Я понял, что в мире что-то не так, когда услышал, как пчелы пытаются своим жужжаньем создавать слова. Я был уверен, что это пчелы, поскольку ощущал на своем лице игру тени и света. Пригревало утреннее солнце. Самое время для пчел. Запахи, которые приносил с собой ветер, подсказывали, что это позднее утро и скоро начнется жаркий день. Я осознавал: нужно проснуться, прежде чем я перегреюсь на солнцепеке, но решил остаться, даже несмотря на близость пчел. К тому же было интересно послушать, о чем говорят насекомые.

– …уйти… упрямец…

– …недели, даже больше… понятия не имею…

Надо прислушаться. Мой друг Хоффид обязан узнать о говорящих пчелах. Но кто-то, видимо, заткнул мне левое ухо, поскольку оно ничего не слышало, а чтобы освободить другое, слышащее, нужно перевернуться. Мне было лень, к тому же ребра с левой стороны ясно говорили, что лучше этого не делать. Поэтому я пробормотал:

– Погромче, – надеясь, что пчелы услышат.

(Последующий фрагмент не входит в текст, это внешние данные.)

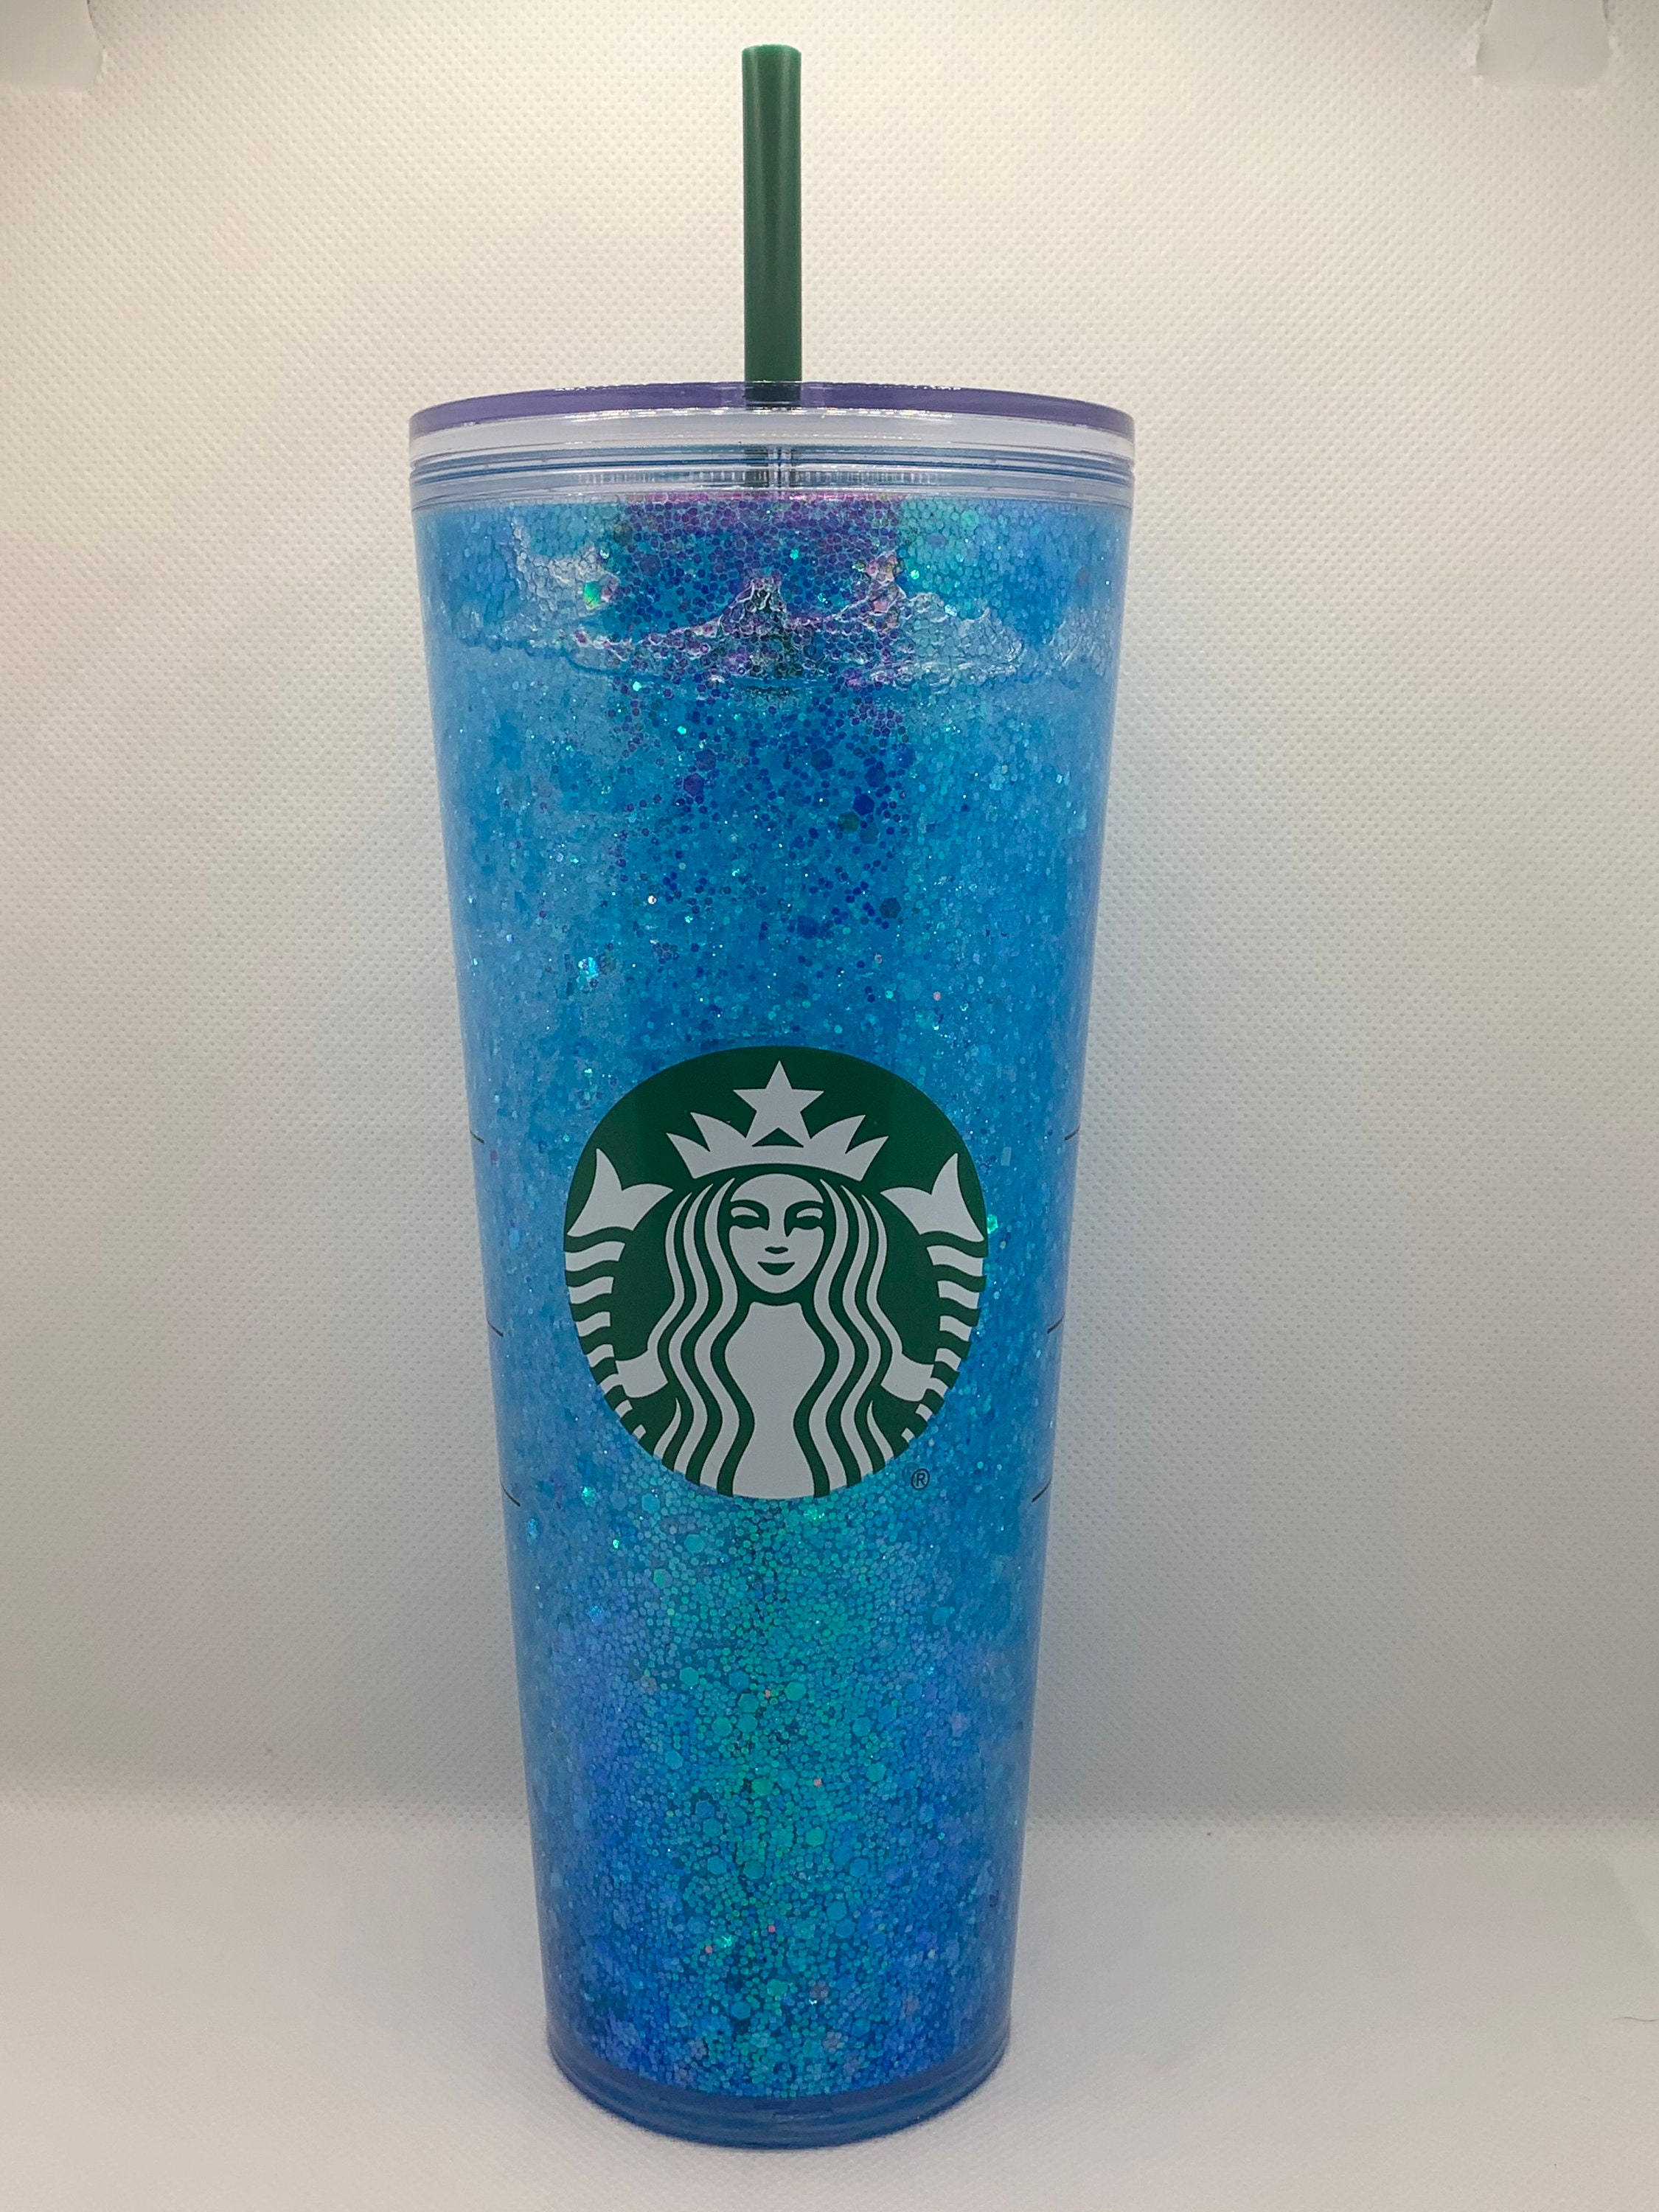 Snow globe Starbucks tumbler Blue Venti Starbucks Snowglobe | Etsy

Они тут же умолкли, я пожалел, что напугал насекомых и упустил возможность услышать те разговоры, которые они ведут, когда уверены, что их никто не слышит.

– Сейонн? – женский голос. Далекий и очень взволнованный. Придется все же открыть глаза.

Солнце оказалось нестерпимо ярким, а тени на моем лице были вовсе не от пчел, а от растущего за высоким окном ясеня, листья которого колыхались под ветром. Где-то между мной и ясенем возникло милое лицо, красновато-золотистая, гладкая кожа, длинные черные волосы. Я не мог произнести ее имени, но ее облик вызывал у меня такое волнение, что сердце готово было вырваться из груди.

Темноволосая женщина приложила палец к моим губам:

– С ней все хорошо. Она вернулась в Дэл Эззар ради своей и нашей безопасности.

Я успокоился, снова закрыл глаза и увидел мысленным взором ее фиолетовые глаза, каштановые волосы, пахнущие омытой дождем травой. Я вглядывался в этот образ, который никогда не покидал меня, хотя я не смел произнести ее имя. Исанна. Вместе с именем всплыло воспоминанье… битва… демон…

– Я вернулся, – произнес я, осознав все, и открыл глаза навстречу настоящему.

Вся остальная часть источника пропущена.